Statistical tests are used for making decisions. To perform analysis using median, we need to use non-parametric tests. Non-parametric tests are distribution independent tests whereas parametric tests assume that the data is normally distributed. It would not be wrong to say parametric tests are more infamous than non-parametric tests but the former does not take median into account while the latter makes use of median to conduct the analysis.

Without wasting any more time, let’s dive into the world of non-parametric tests.

**Note:** This article assumes that you have prerequisite knowledge of hypothesis testing, parametric tests, one-tailed & two-tailed tests.

## Table of Contents

- How are non-parametric tests different from parametric tests?
- When can I apply non-parametric tests?
- Pros and Cons of non-parametric tests
- Hypothesis testing with non-parametric tests.
- Non-parametric test

1. Mann Whitney U Test

2. Wilcoxon Sign-Rank Test

3. Sign Test

4. Kruskal-Wallis Test

5. Spearman Rank Correlation

## 1. How are Non-Parametric tests different from Parametric tests?

If you read our articles on probability distributions and hypothesis testing, I am sure you know that there are several assumptions attached to each probability distribution.

Parametric tests are used when the information about the population parameters is completely known whereas non-parametric tests are used when there is no or few information available about the population parameters. In simple words, parametric test assumes that the data is normally distributed. However, non-parametric tests make no assumptions about the distribution of data.

But what are parameters? Parameters are nothing but characteristics of the population that can’t be changed. Let’s look at an example to understand this better.

A teacher calculated average marks scored by the students of her class by using the formula shown below:

Look at the formula given above, the teacher has considered the marks of all the students while calculating total marks. Assuming that the marking of students is done accurately and there are no missing scores, can you change the total marks scored by the students? No. Therefore, average marks is called a parameter of the population since it cannot be changed.

## 2. When can I apply non-parametric tests?

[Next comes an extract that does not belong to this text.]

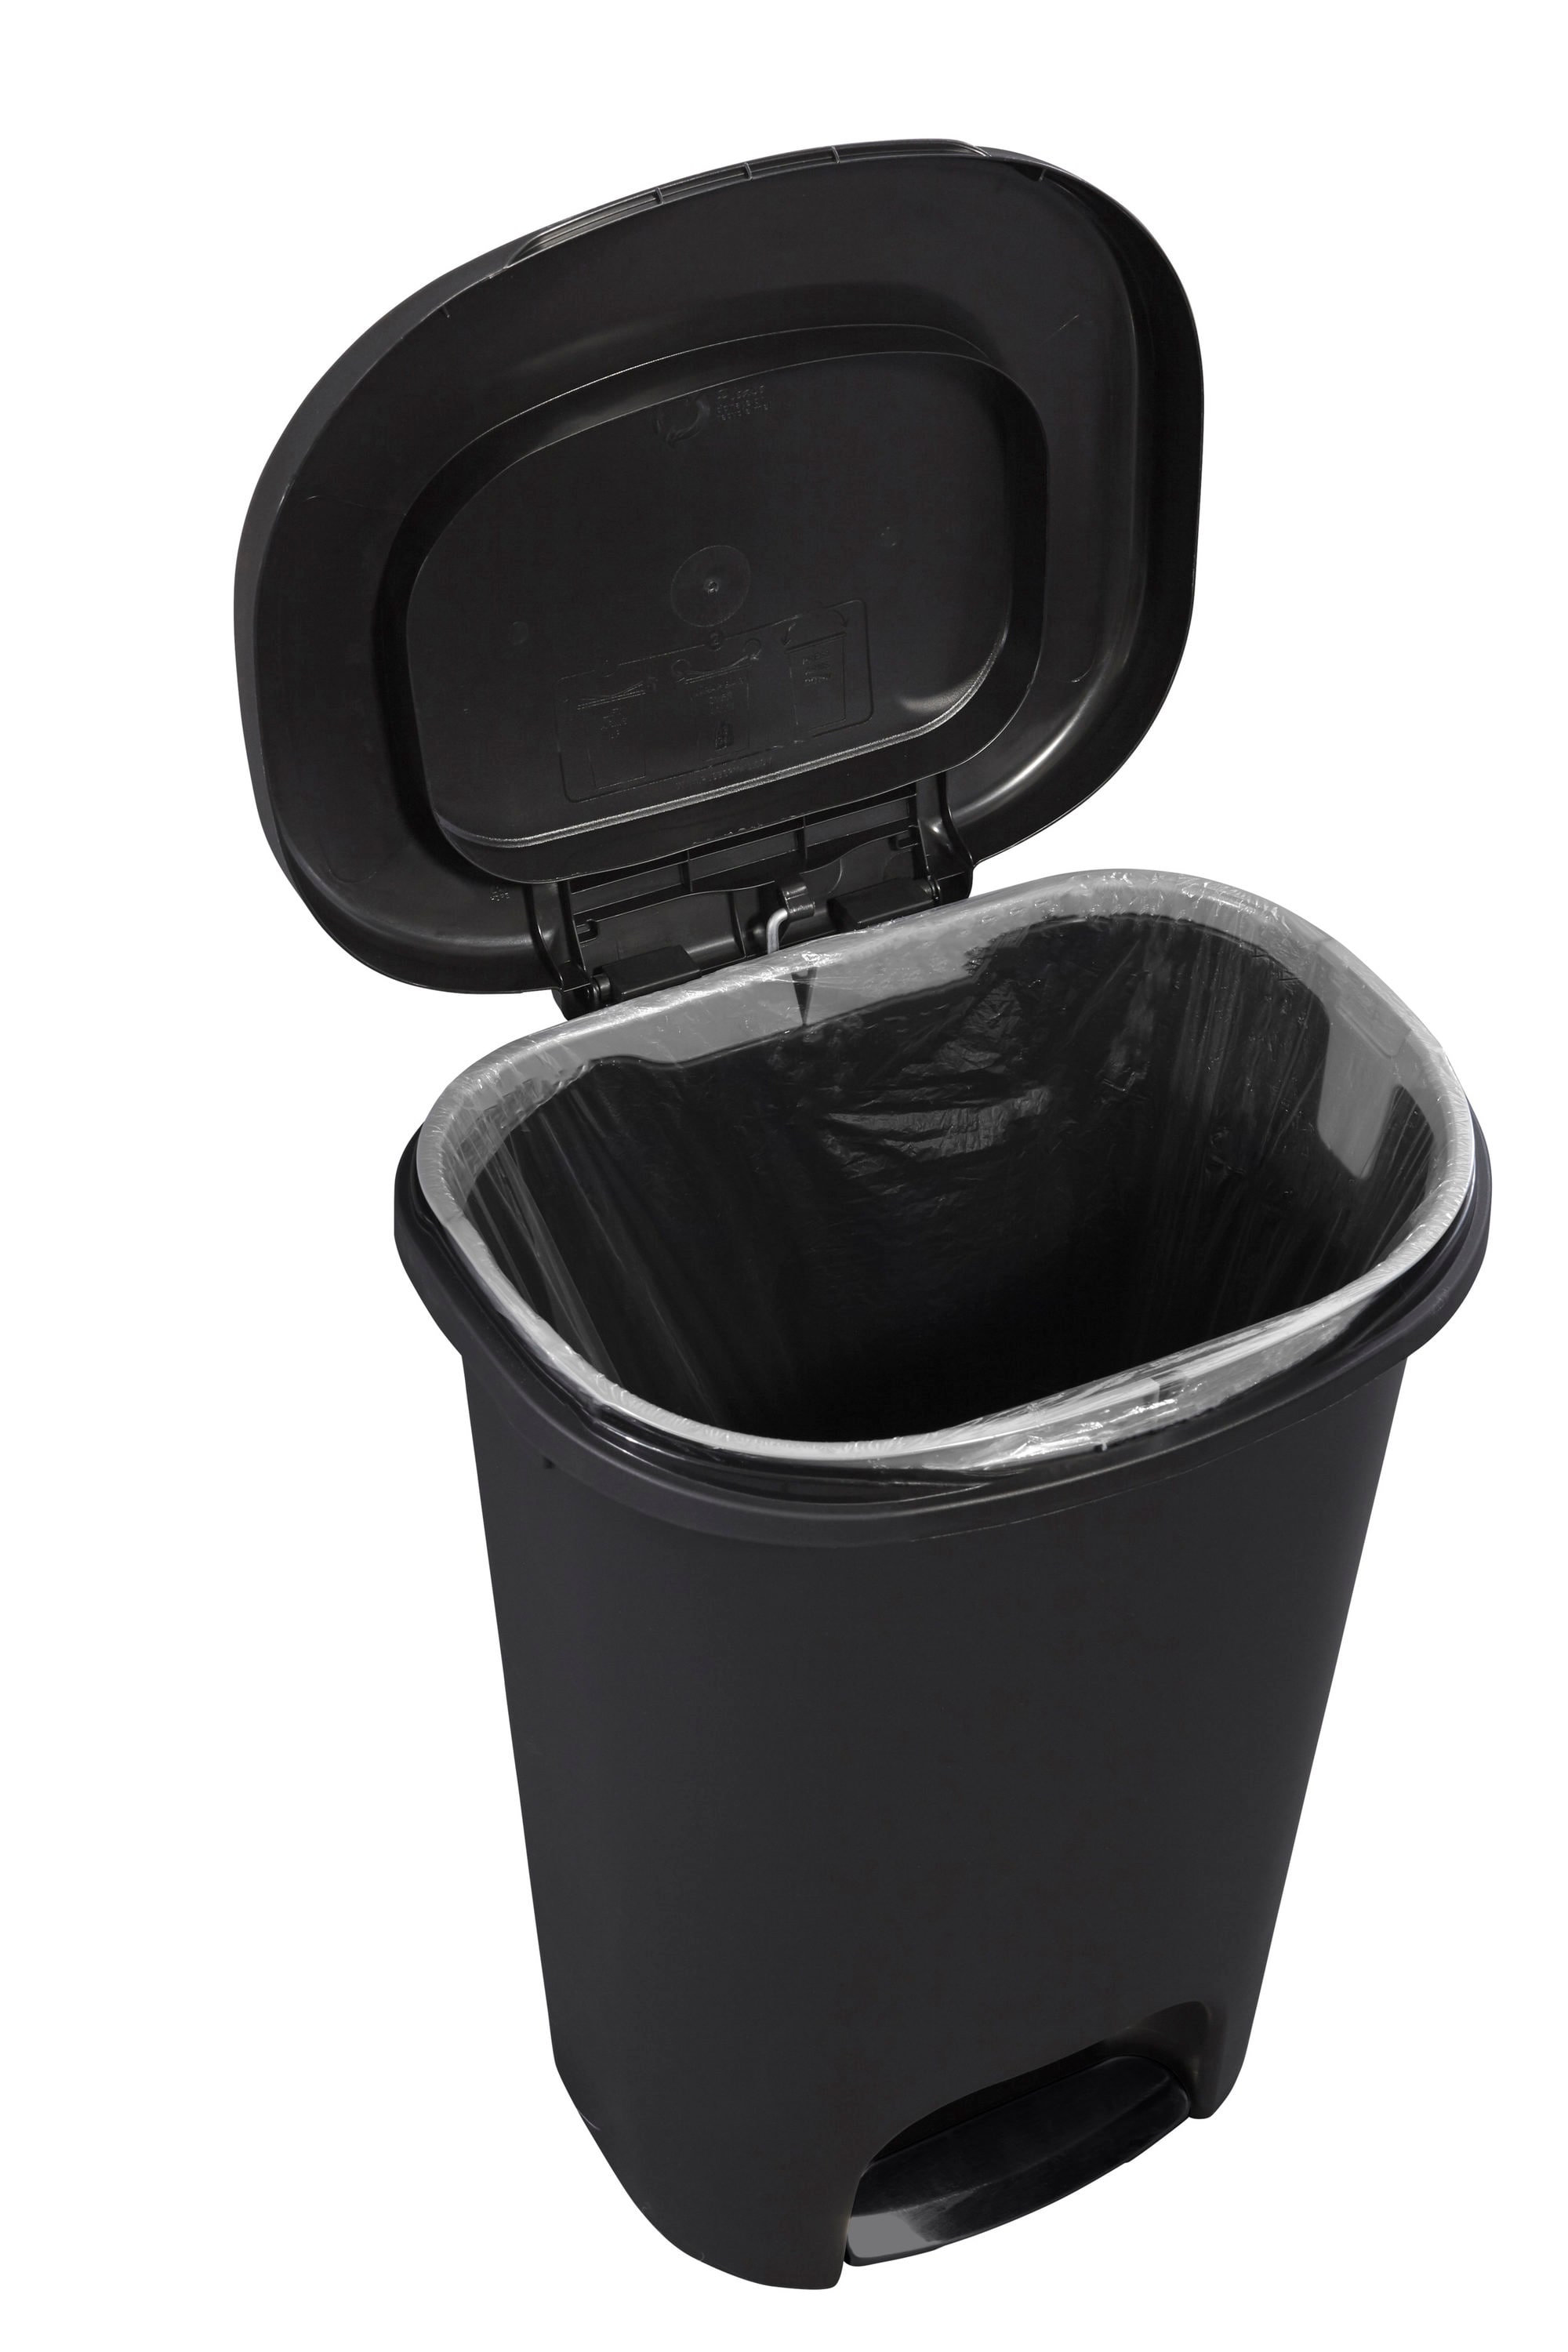 Rubbermaid Classic 13 Gallon Premium Step-On Trash Can with Lid and  Stainless-Steel Pedal, Black Waste Bin for Kitchen

Let’s look at some examples.

1. A winner of the race is decided by the rank and rank is allotted on the basis of crossing the finish line. Now, the first person to cross the finish line is ranked 1, the second person to cross the finish line is ranked 2 and so on. We don’t know by what distance the winner beat the other person so the difference is not known.

2. A sample of 20 people followed a course of treatment and their symptoms were noted by conducting a survey. The patient was asked to choose among the 5 categories after following the course of treatment. The survey looked somewhat like this

Now, if you look carefully the values in the above survey aren’t scalable, it is based on the experience of the patient. Also, the ranks are allocated and not calculated. In such cases, parametric tests become invalid.

For a nominal data, there does not exist any parametric test.

3. Limit of detection is the lowest quantity of a substance that can be detected with a given analytical method but not necessarily quantitated as an exact value. For instance, a viral load is the amount of HIV in your blood. A viral load can either be beyond the limit of detection or it can a higher value.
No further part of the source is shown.